On Saturday, Deputy Prime Minister Ziad Bahaa-Eldin said he opposed the new protest law because it restricts the right to demonstrate and was not adopted by an elected parliament. The liberal politician called on authorities to review the law to show that the state was ready to listen to the country's secular activists, who have been staging several protests in defiance of the law.
"It is not a shame and it does not detract from the prestige of the state to reconsider a law that will only widen the gap between the state and the youth," Bahaa-Eldin said on his official Facebook page.
Since the law's adoption, security forces forcefully dispersed several rallies and detained protesters. A student was killed Thursday when police put down a march by Islamists from Cairo University.
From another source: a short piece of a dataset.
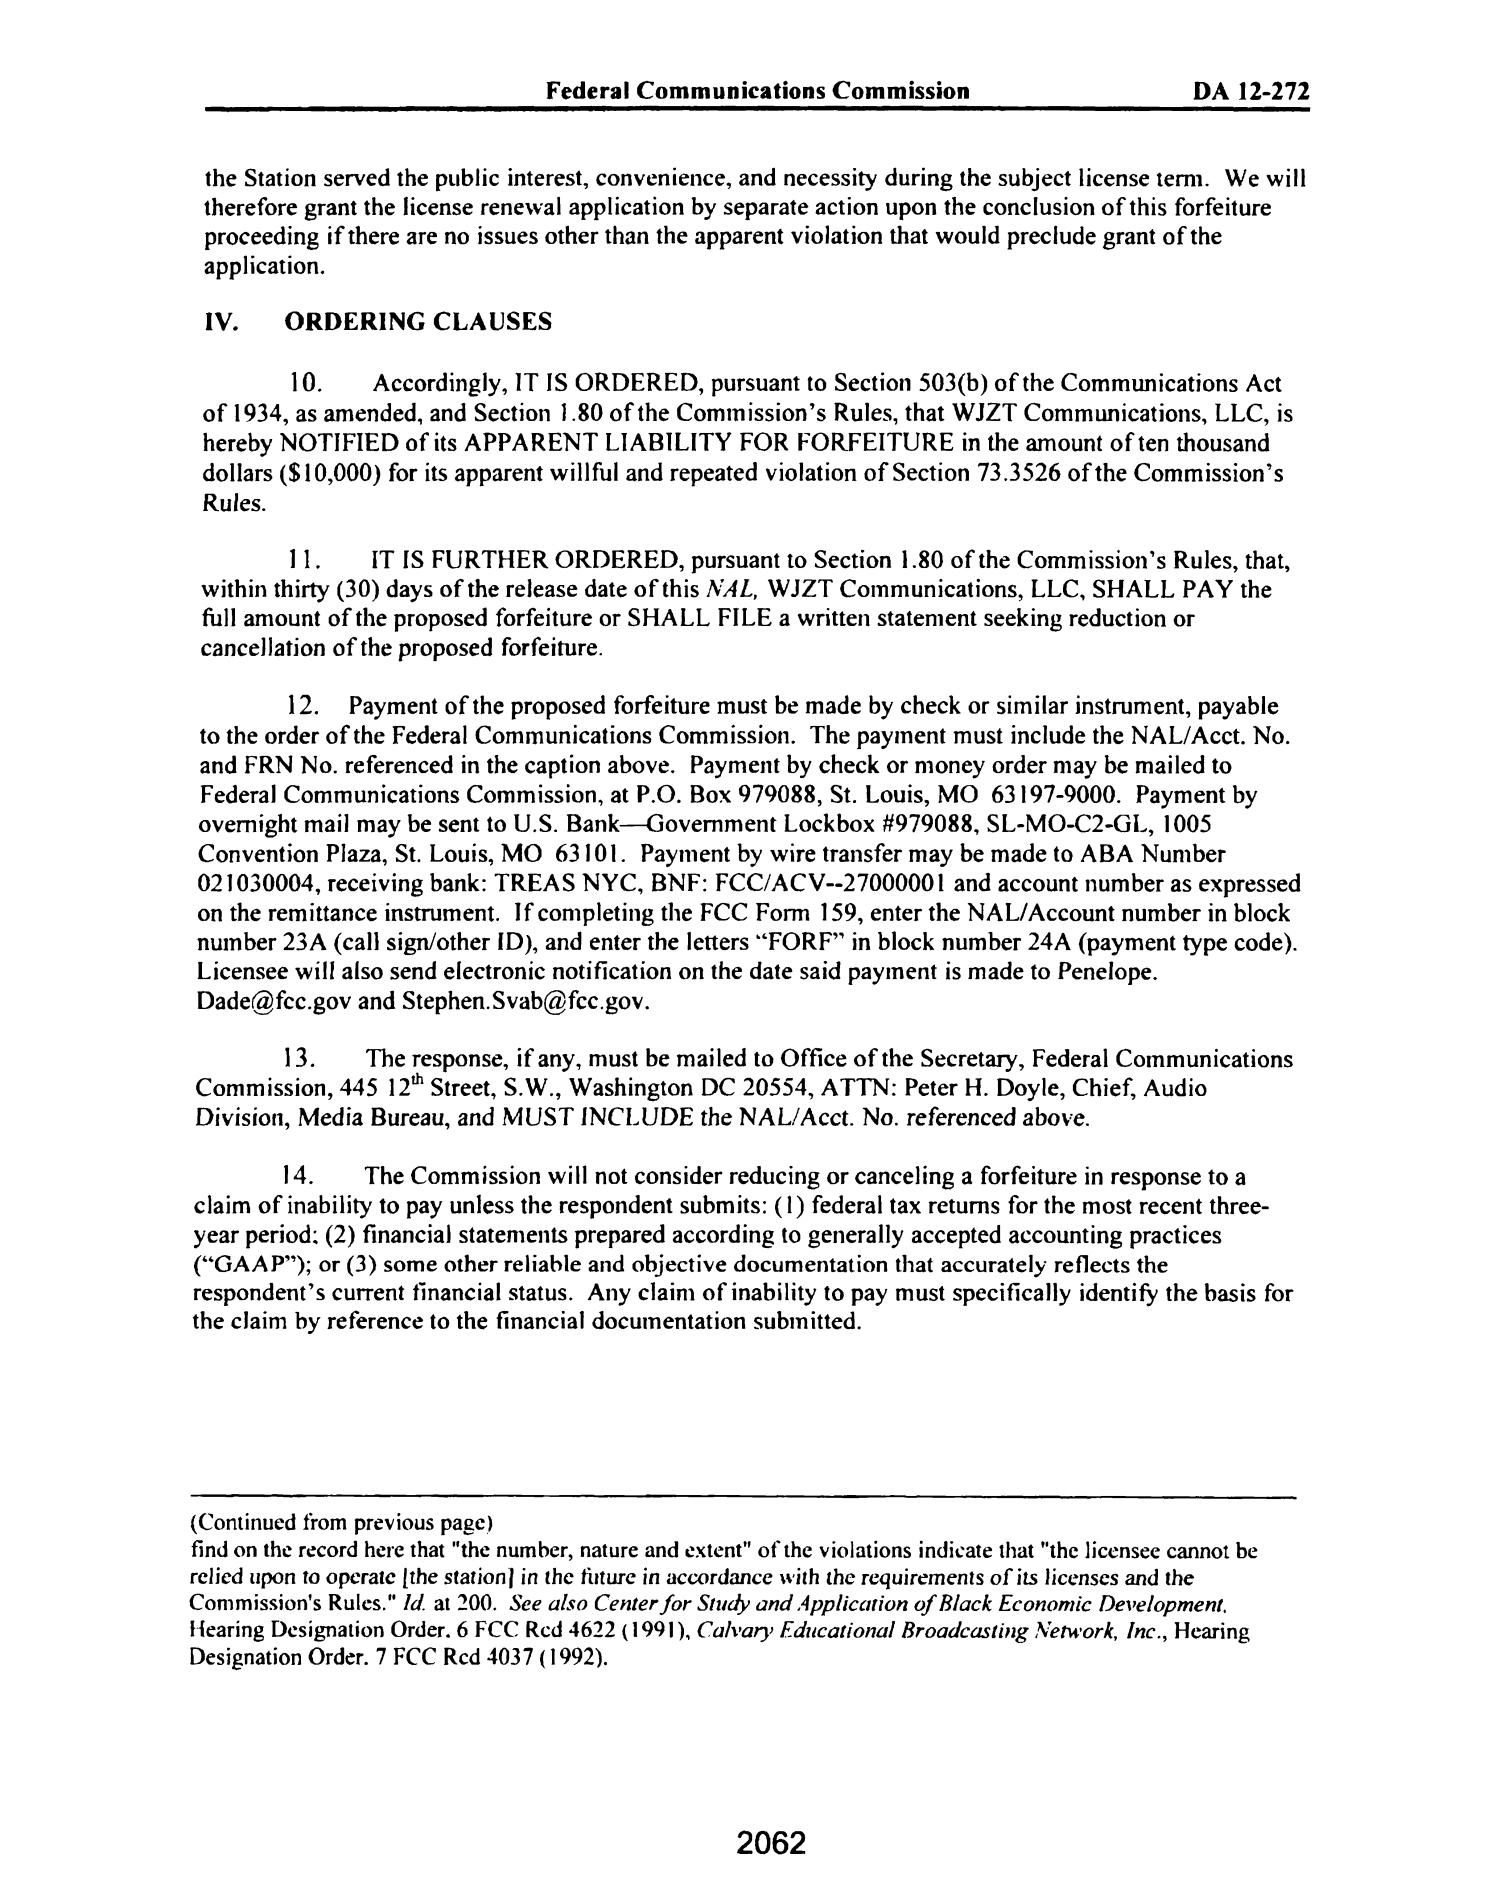 FCC Record, Volume 27, No. 3, Pages 1878 to 2785, February 21 - March 16, 2012
                                                
                                                    2062

Saturday, some 130 professors and administrative staff of the university's engineering department called for a strike over the student's death.
A few miles from the constitutional committee headquarters, brief clashes broke out when riot police with shields, batons and helmets chased protesters amid a thick cloud of gas. The demonstration was held near a Cairo court to condemn the detention of 24 activists arrested Tuesday while taking part in a protest that was not authorized by authorities.
Among protesters Saturday was Ahmed Maher, leader of the April 6 youth group that had a leading role in the 2011 uprising against longtime president Hosni Mubarak. He later turned himself into prosecutors over an arrest warrant for him on charges of inciting demonstrations against the new protest law. State television said prosecutors ordered Maher held until Sunday as investigators examine his case.
Meanwhile, in the restive southern province of Minya, unknown gunmen shot dead a Christian, days after three people died in sectarian clashes, authorities said. And in the Sinai Peninsula, three Egyptian military raids on suspected militants killed three, including a leading jihadi, said security officials who spoke on condition of anonymity because they were not allowed to brief reporters.
Officials said it was the first time soldiers raided the area of al-Nasra in Sheikh Zuweyid in northern Sinai. The suspected militants belong to a group responsible for bombings in 2005.